▶ _Material shown_
• • • • • • •
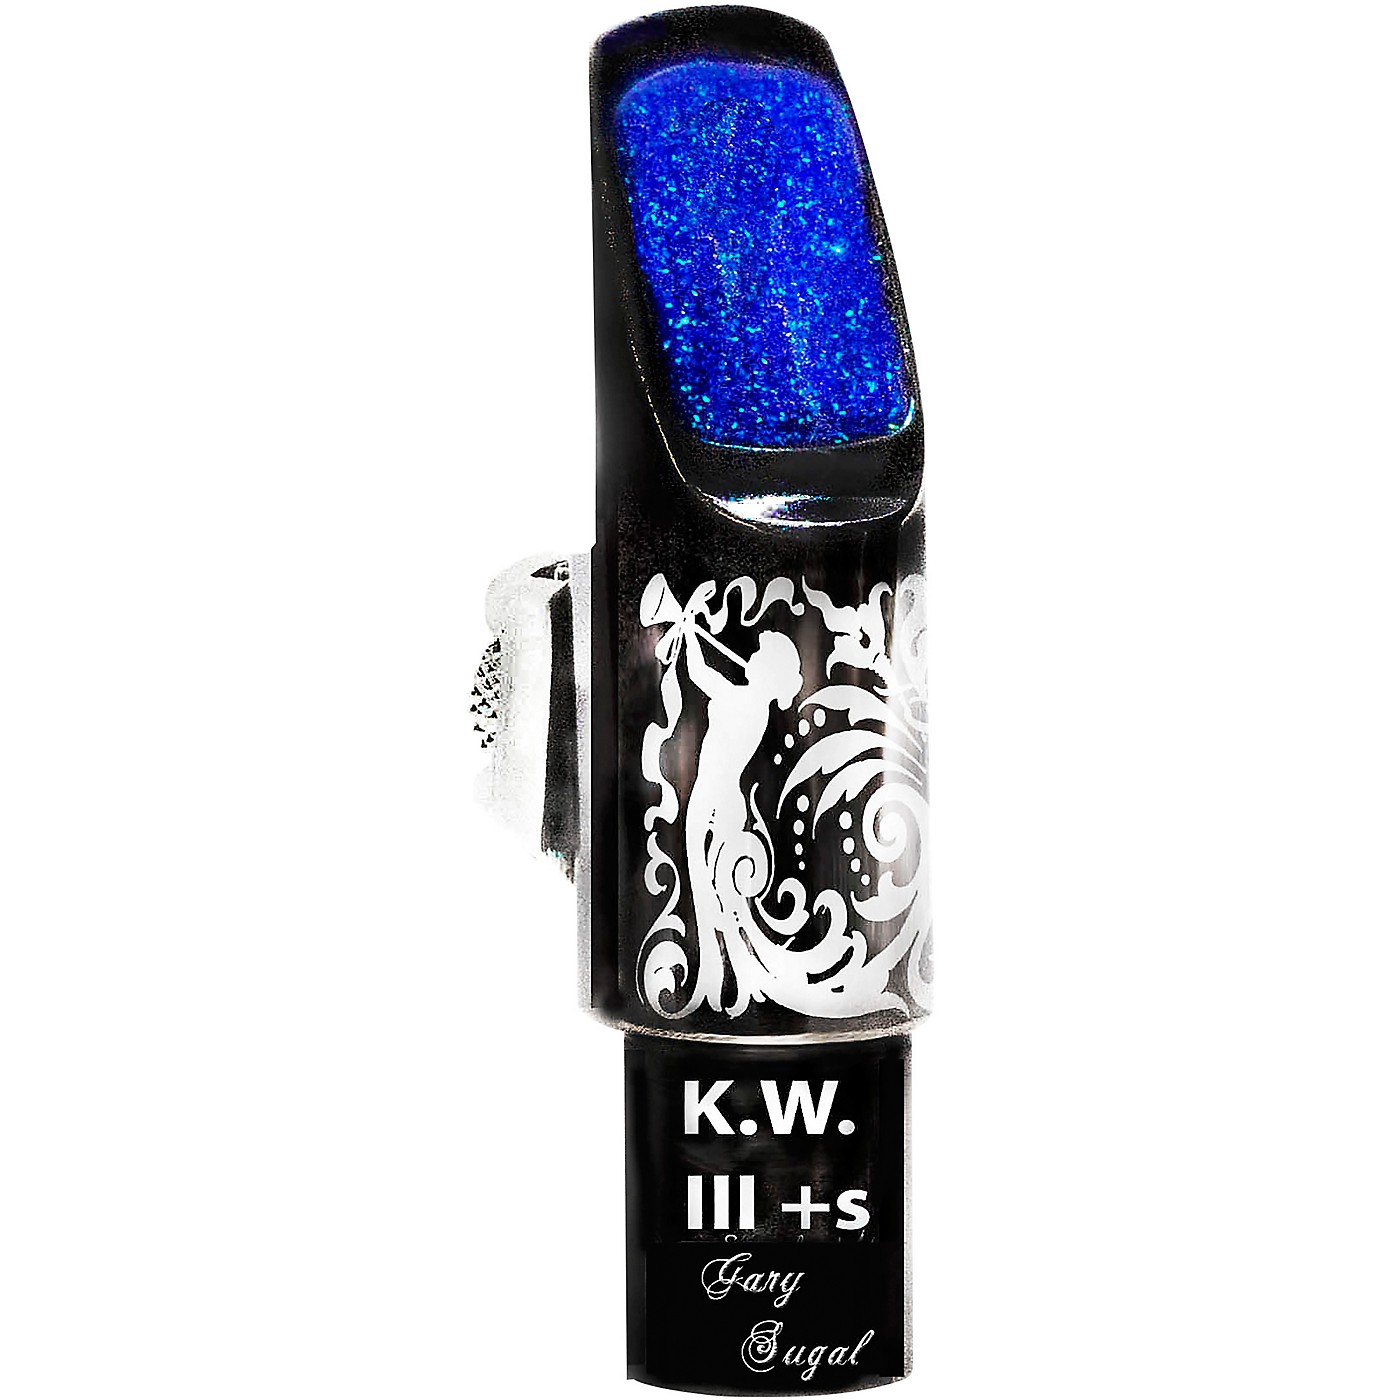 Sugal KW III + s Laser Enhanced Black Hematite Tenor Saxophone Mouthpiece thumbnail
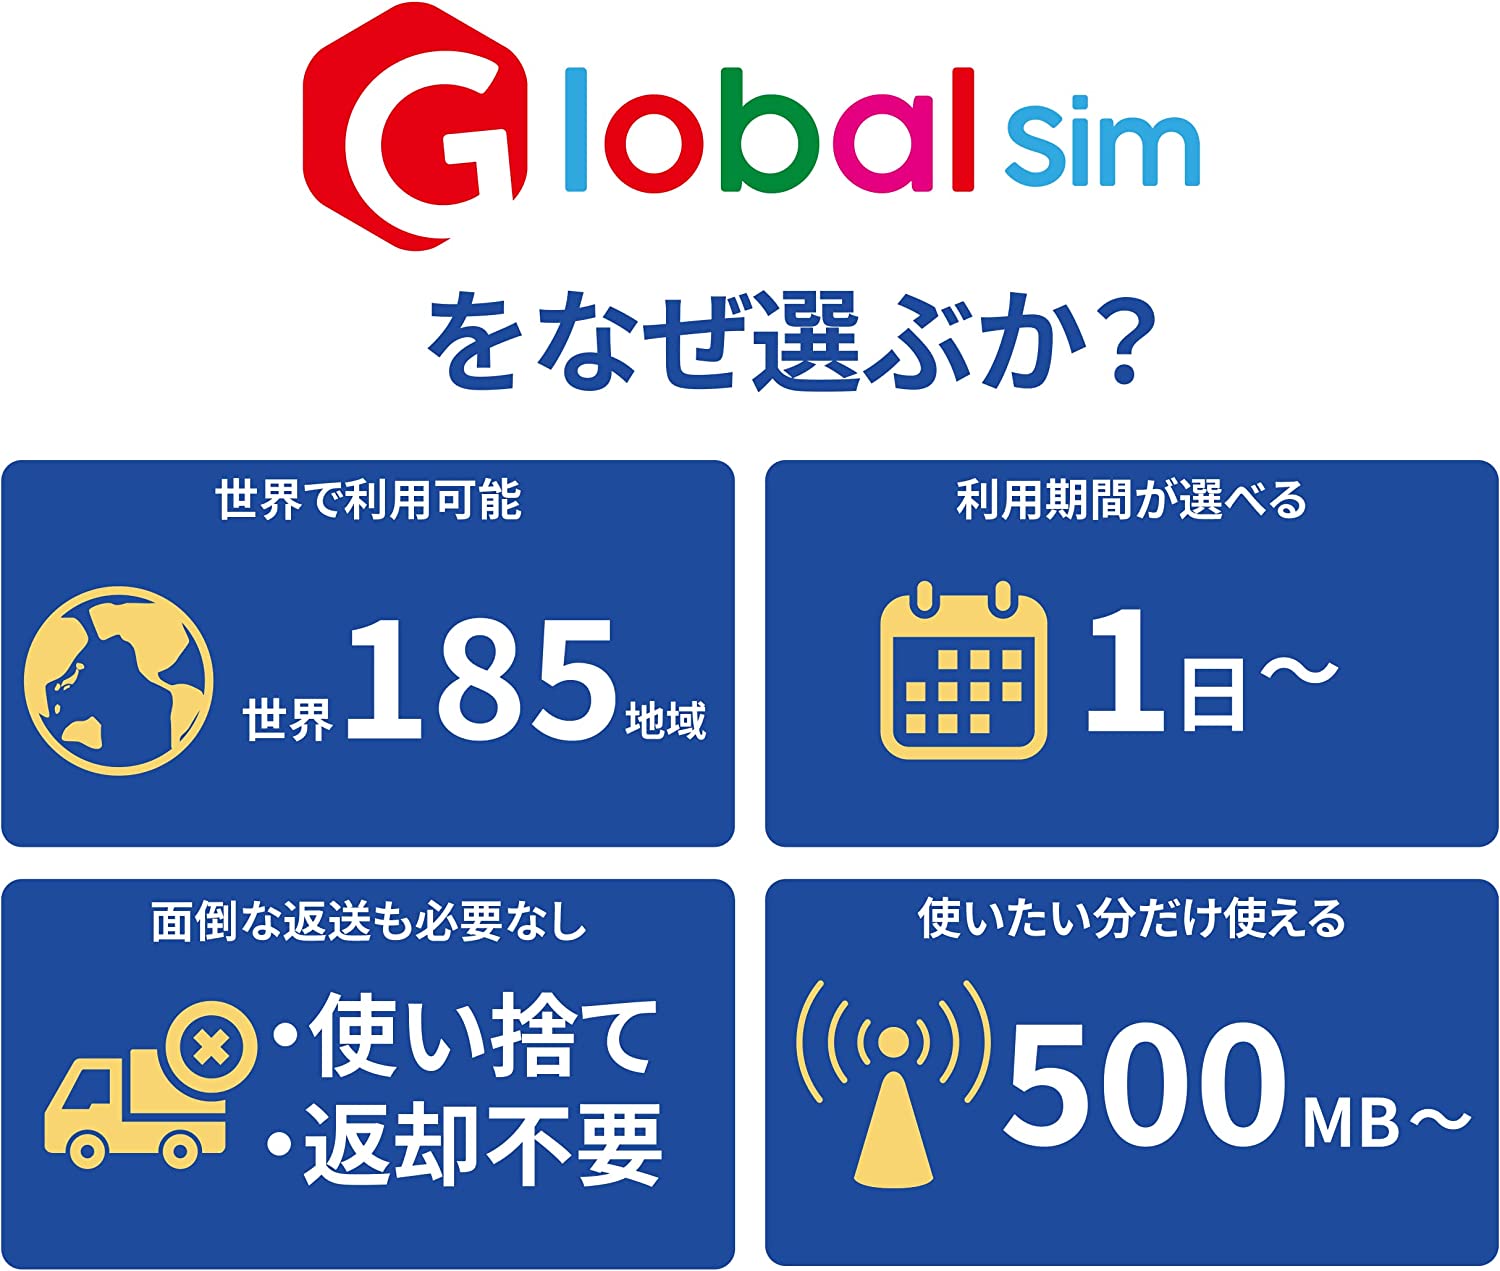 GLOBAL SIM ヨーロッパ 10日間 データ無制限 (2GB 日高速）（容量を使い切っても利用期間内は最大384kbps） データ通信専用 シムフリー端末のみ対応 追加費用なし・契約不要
• • • • • • •
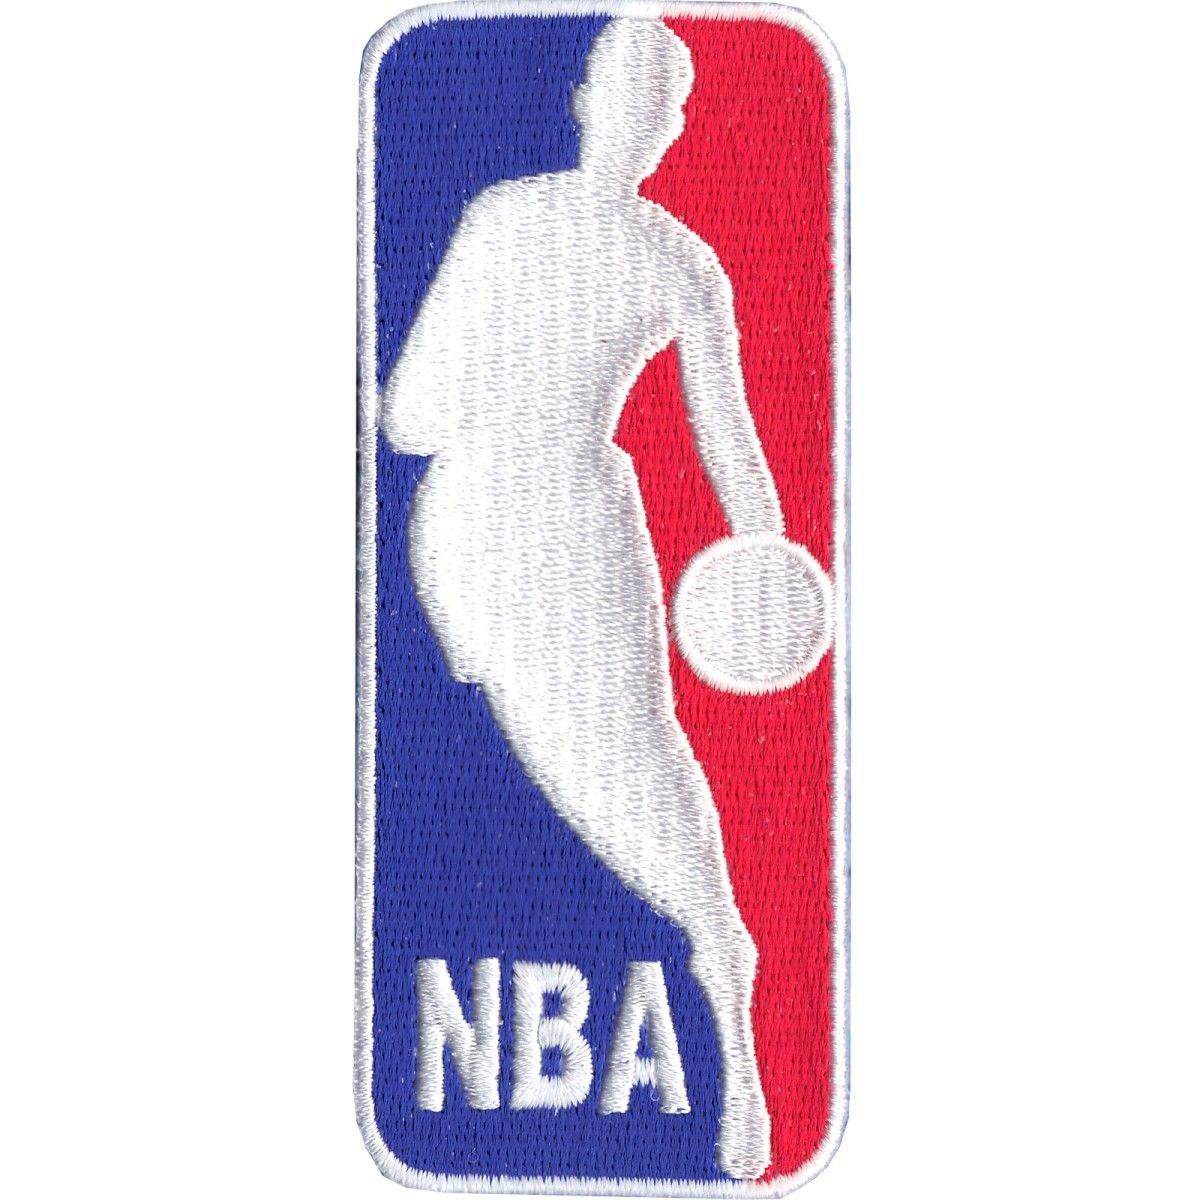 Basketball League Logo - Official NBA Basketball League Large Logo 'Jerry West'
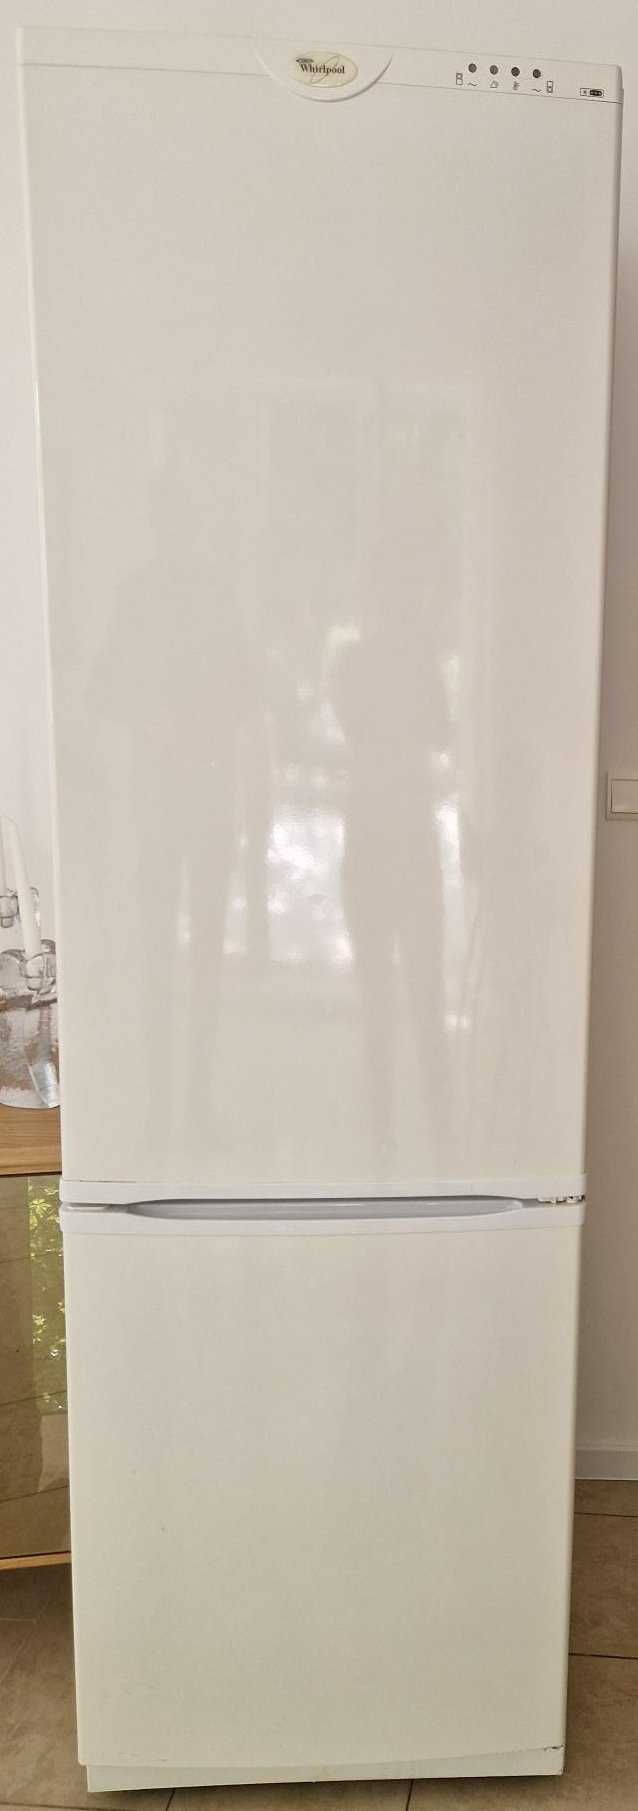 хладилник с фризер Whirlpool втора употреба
• • • • • • •
▶ _Problem to work on_
Exactly the lines above, from the one containing "Sugal KW III" down to the one containing "GLOBAL SIM ヨーロッパ", are to be repeated, including both ends. Pictures are not part of the copy.

▶ _Task answer_
 Sugal KW III + s Laser Enhanced Black Hematite Tenor Saxophone Mouthpiece thumbnail
 GLOBAL SIM ヨーロッパ 10日間 データ無制限 (2GB 日高速）（容量を使い切っても利用期間内は最大384kbps） データ通信専用 シムフリー端末のみ対応 追加費用なし・契約不要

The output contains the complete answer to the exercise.